Reading a registered setting in a server-side route handler:

import { schema } from '@kbn/config-schema';
import type { CoreSetup, Plugin } from '@kbn/core/server';

export class MyPlugin implements Plugin {
  public setup(core: CoreSetup) {
    core.uiSettings.register({
      custom: {
        value: '42',
        schema: schema.string(),
      },
    });

    const router = core.http.createRouter();
    router.get(
      { path: 'my_plugin/{id}', validate: /* … */ },
      async (context, request, response) => {
        const customSetting = await context.uiSettings.client.get('custom');
        // …
      }
    );
  }
}
		

On the client, the uiSettings service is exposed directly from core. The client provides plugins access to the config entries stored in Elasticsearch.

import { CoreSetup, Plugin } from '@kbn/core/public';

export class MyPlugin implements Plugin<MyPluginSetup, MyPluginStart> {
  public setup(core: CoreSetup): MyPluginSetup {
    core.uiSettings.getUpdate$().subscribe(({ key, newValue }) => {
      if (key === 'custom') {
        // react to updates...
      }
    });
  }

  public start(core: CoreStart): MyPluginStart {
    return {
      settings: {
        getCustomValue: () => core.uiSettings.get('custom'),
      },
    };
  }
}
		
Important

Migrations for 3rd-party plugin advanced settings are not currently supported. If a 3rd-party plugin registers an advanced setting, the setting is essentially permanent and cannot be fixed without manual intervention.

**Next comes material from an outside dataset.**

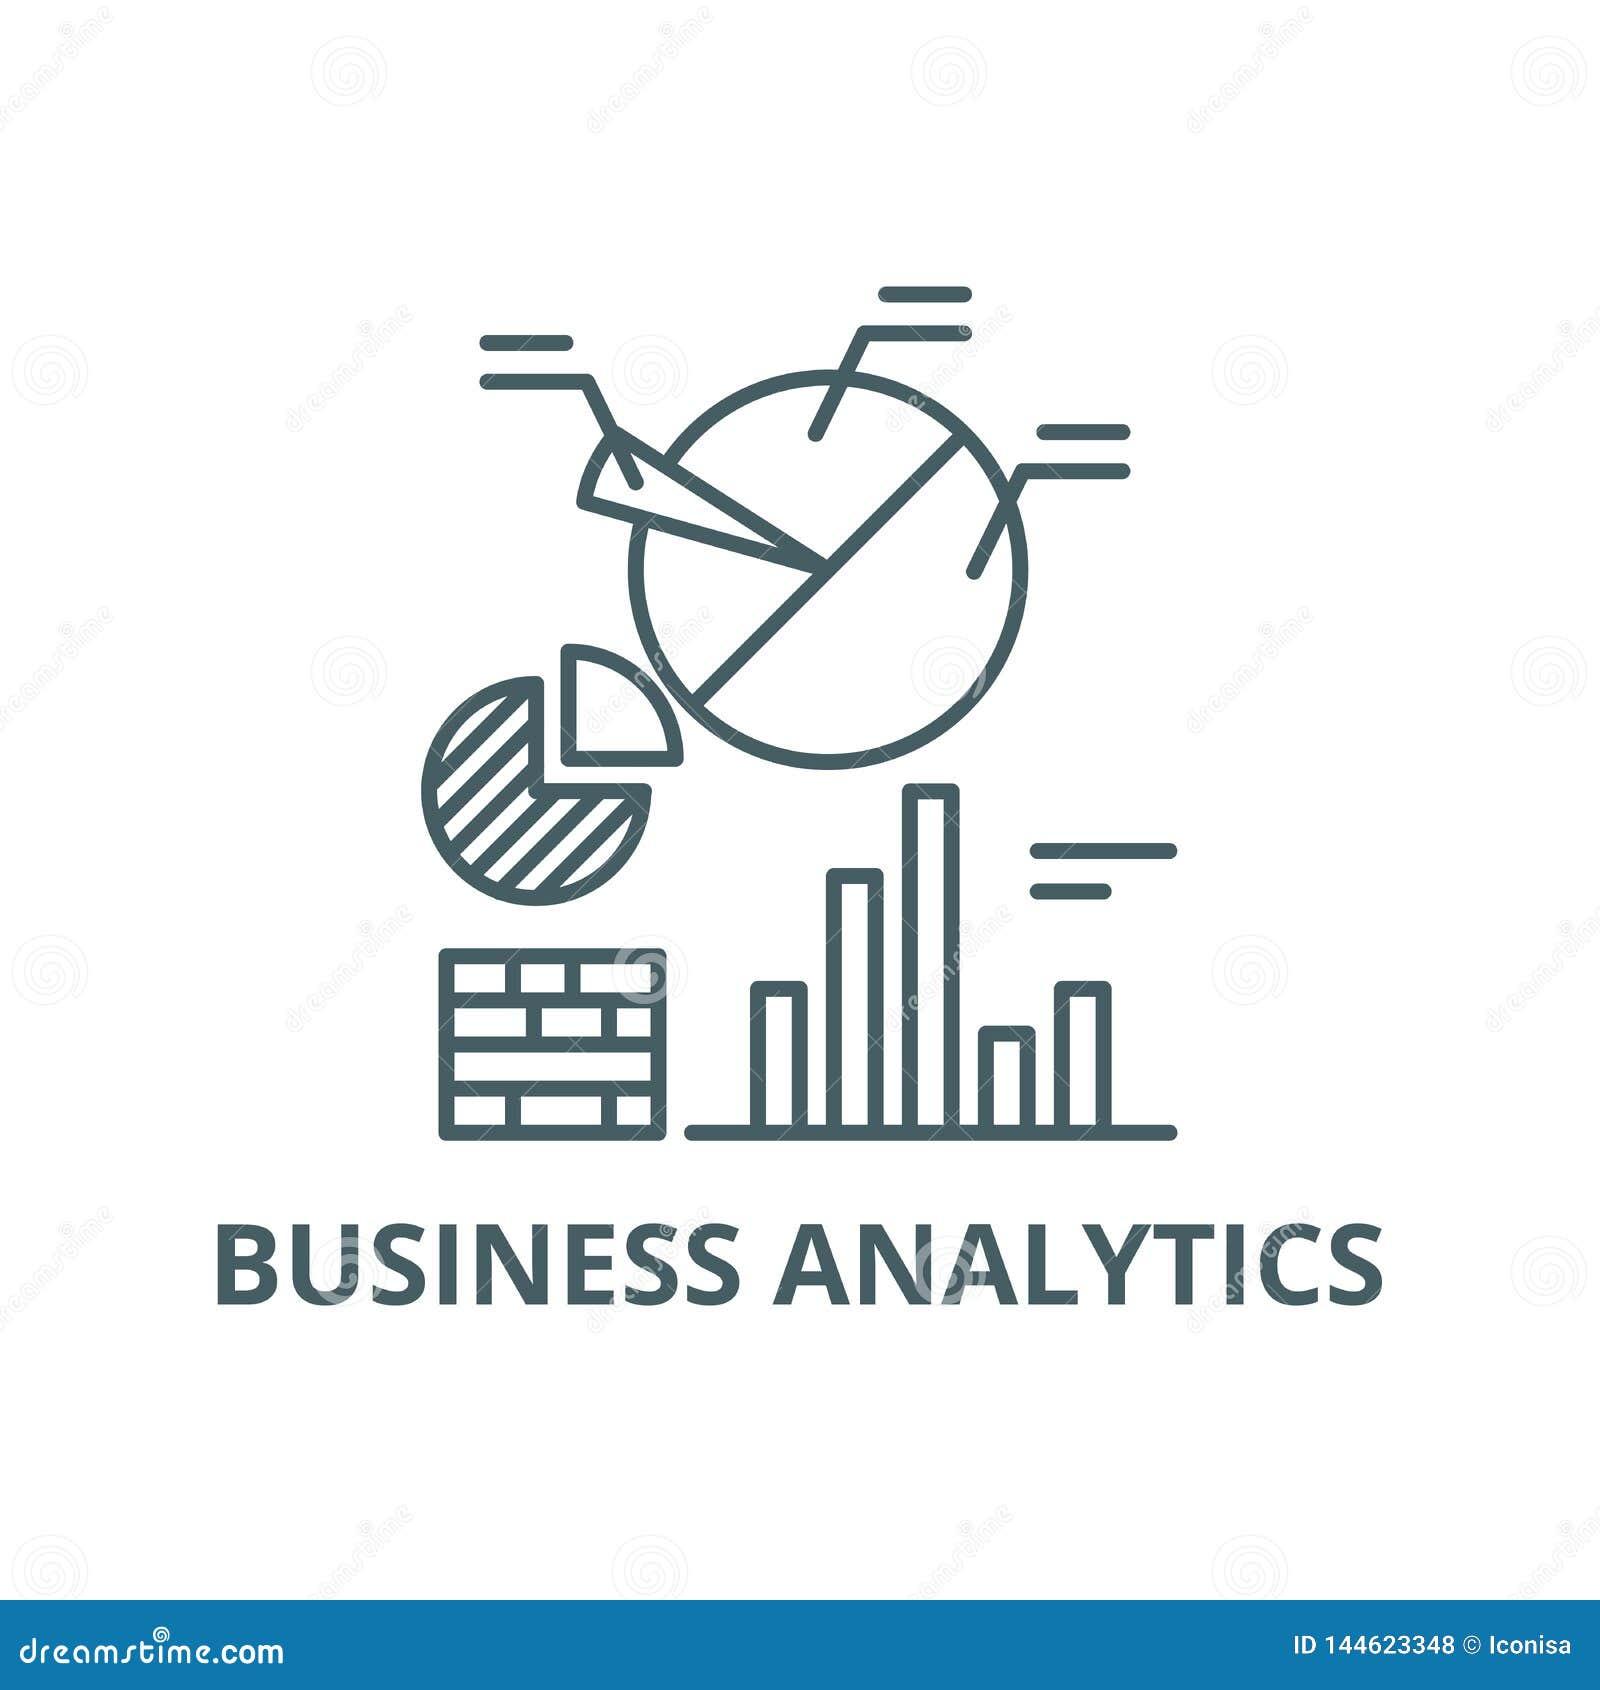 Biznesowe analityka kreskowa ikona, wektor Biznesowy analityka konturu znak, pojęcie symbol, płaska ilustracja

To change or remove a uiSetting, you must migrate the whole config saved object. uiSettings migrations are declared directly in the service — as of 8.17, they live in src/core/packages/ui-settings/server-internal/src/saved_objects/migrations.ts.

For example, removing a custom setting in 8.1.0 and renaming my_setting:fourtyTwo to my_other_setting:fourtyTwo in 8.2.0:

export const migrations = {
  '8.1.0': (doc: SavedObjectUnsanitizedDoc<any>): SavedObjectSanitizedDoc<any> => ({
    ...doc,
    ...(doc.attributes && {
      attributes: Object.keys(doc.attributes).reduce(
        (acc, key) =>
          ['custom'].includes(key)
            ? { ...acc }
            : { ...acc, [key]: doc.attributes[key] },
        {}
      ),
    }),
    references: doc.references || [],
  }),
  '8.2.0': (doc: SavedObjectUnsanitizedDoc<any>): SavedObjectSanitizedDoc<any> => ({
    ...doc,
    ...(doc.attributes && {
      attributes: Object.keys(doc.attributes).reduce(
        (acc, key) =>
          key.startsWith('my_setting:')
            ? { ...acc, [key.replace('my_setting', 'my_other_setting')]: doc.attributes[key] }
            : { ...acc, [key]: doc.attributes[key] },
        {}
      ),
    }),
    references: doc.references || [],
  }),
};
		

If you need to make a change that isn't possible in a saved object migration function (for example, you need to look up other saved objects), you can register a transform function instead. Transforms run when a config saved object is first created, or when it is first upgraded.

Add an extra attribute to mark that the transform has already been applied so it doesn't run again. For example, the defaultIndex transform uses an isDefaultIndexMigrated flag. See src/core/packages/ui-settings/server-internal/src/saved_objects/transforms.ts and #133339 for an example.